* Dataset content
+++++
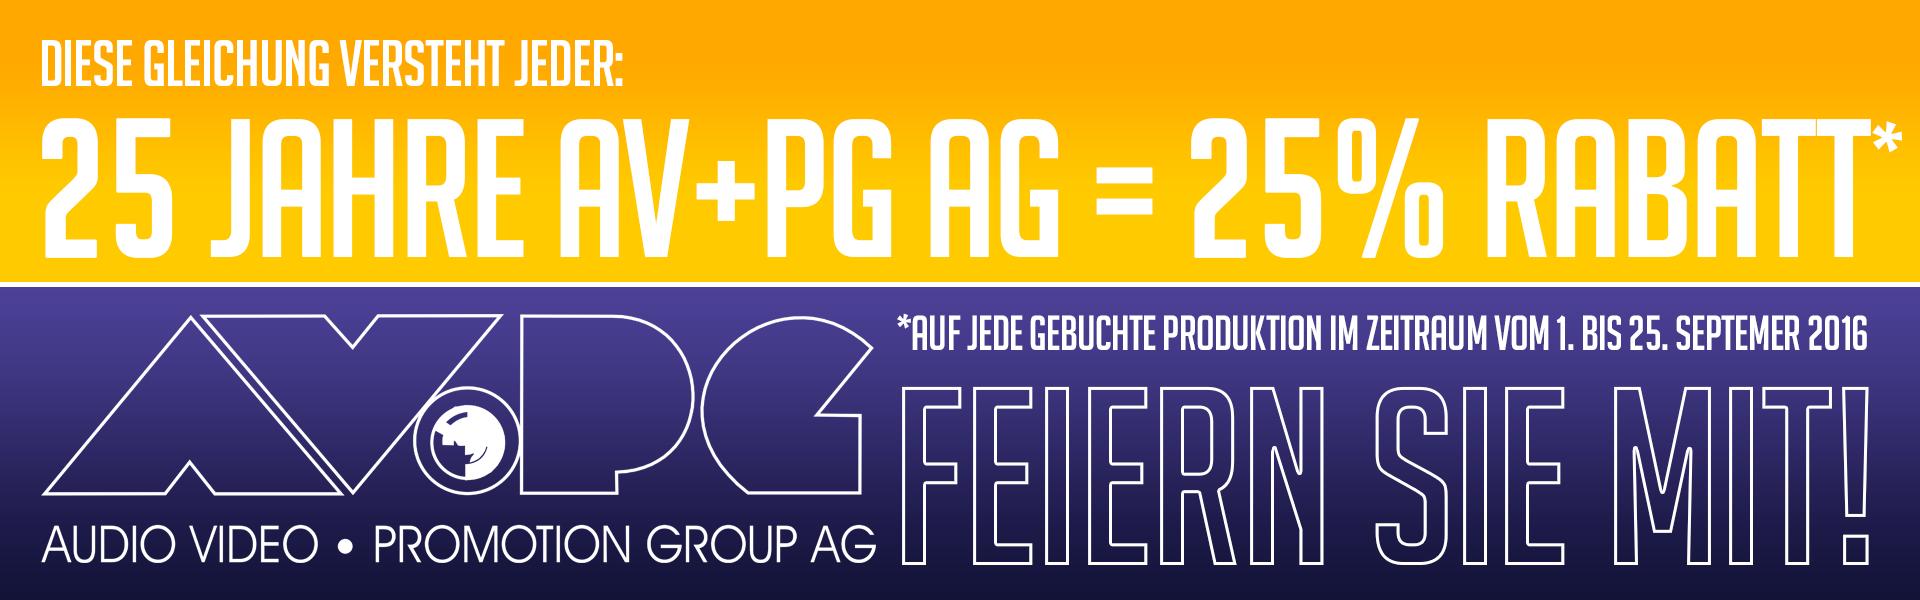 25 Jahre AV+PG AG - Feiern Sie mit uns und profitieren Sie von 25% Rabatt!
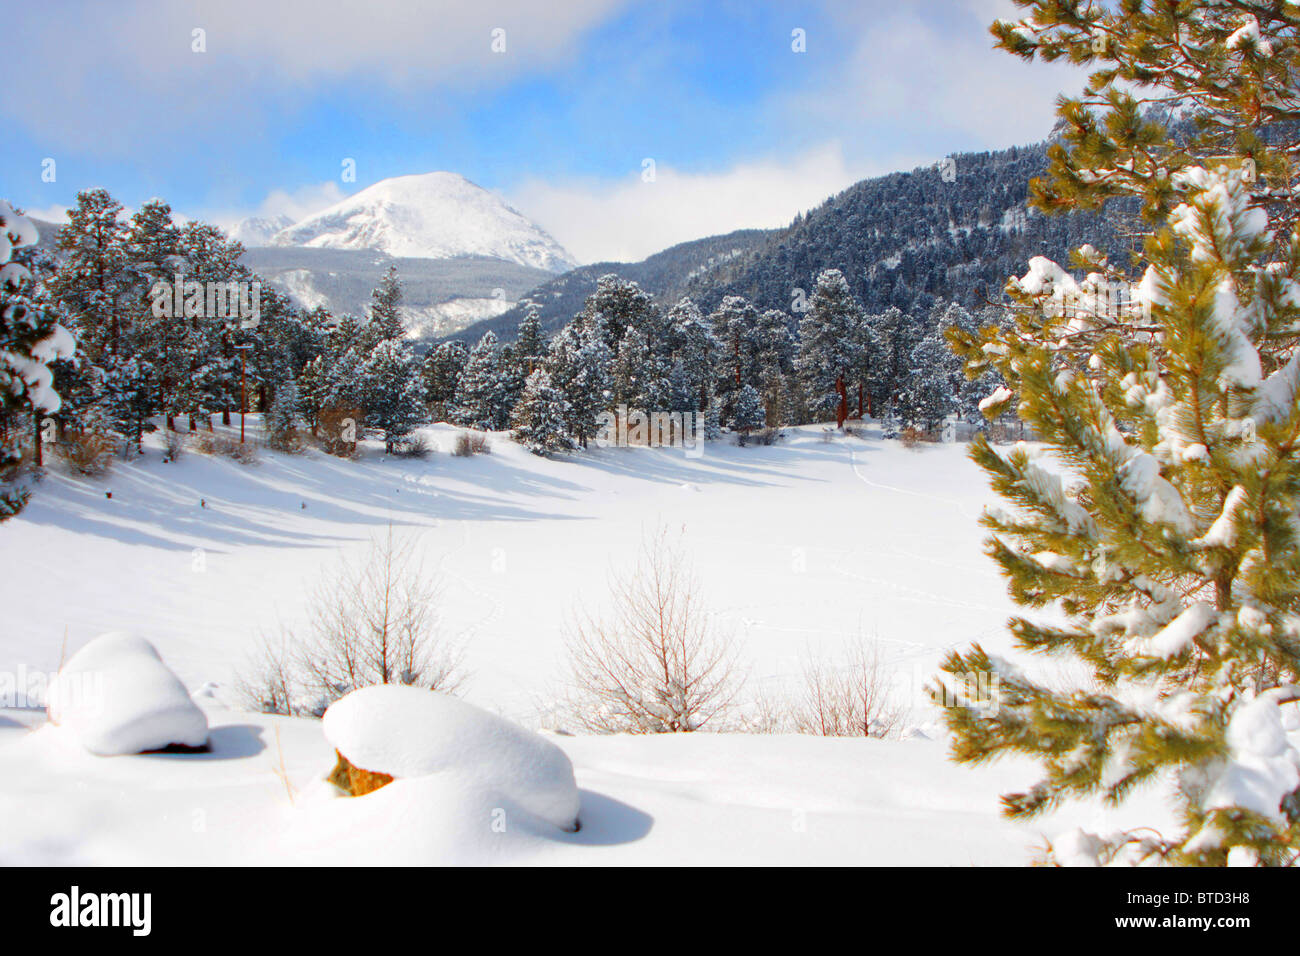 Snow scene in the mountains Estes Park Colorado - Stock Image
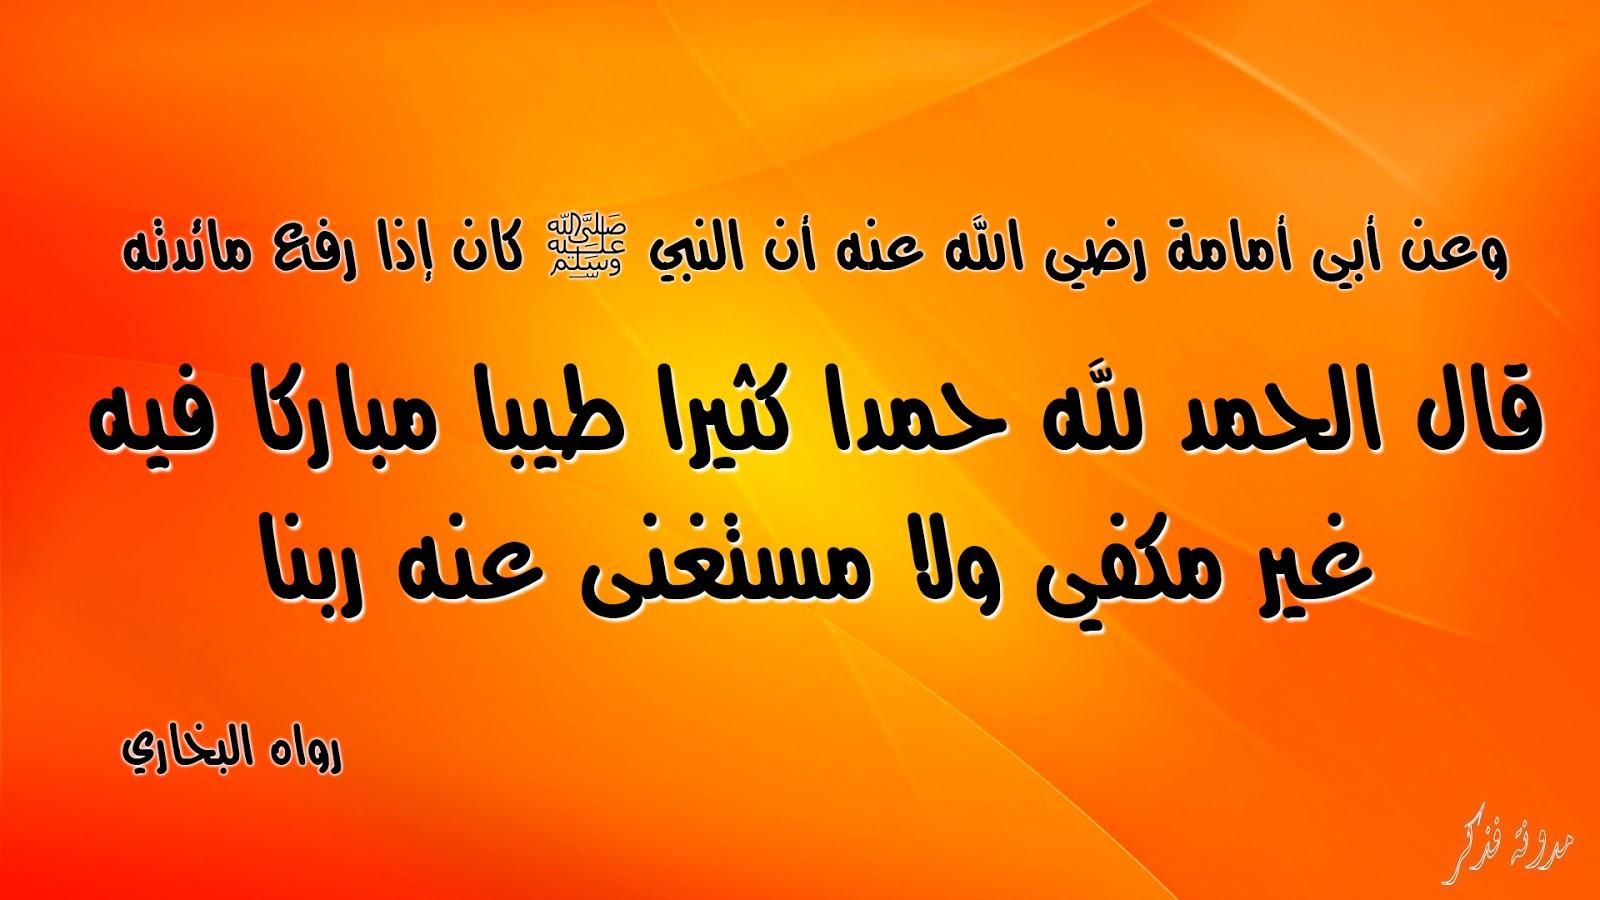 شرح حديث الحمد لله حمدا كثيرا طيبا مباركا فيه مدونة فذكر
+++++
* Assignment
The listing must be returned in full and exactly, apart from its pictures.

* Written solution
 25 Jahre AV+PG AG - Feiern Sie mit uns und profitieren Sie von 25% Rabatt!
 Snow scene in the mountains Estes Park Colorado - Stock Image
 شرح حديث الحمد لله حمدا كثيرا طيبا مباركا فيه مدونة فذكر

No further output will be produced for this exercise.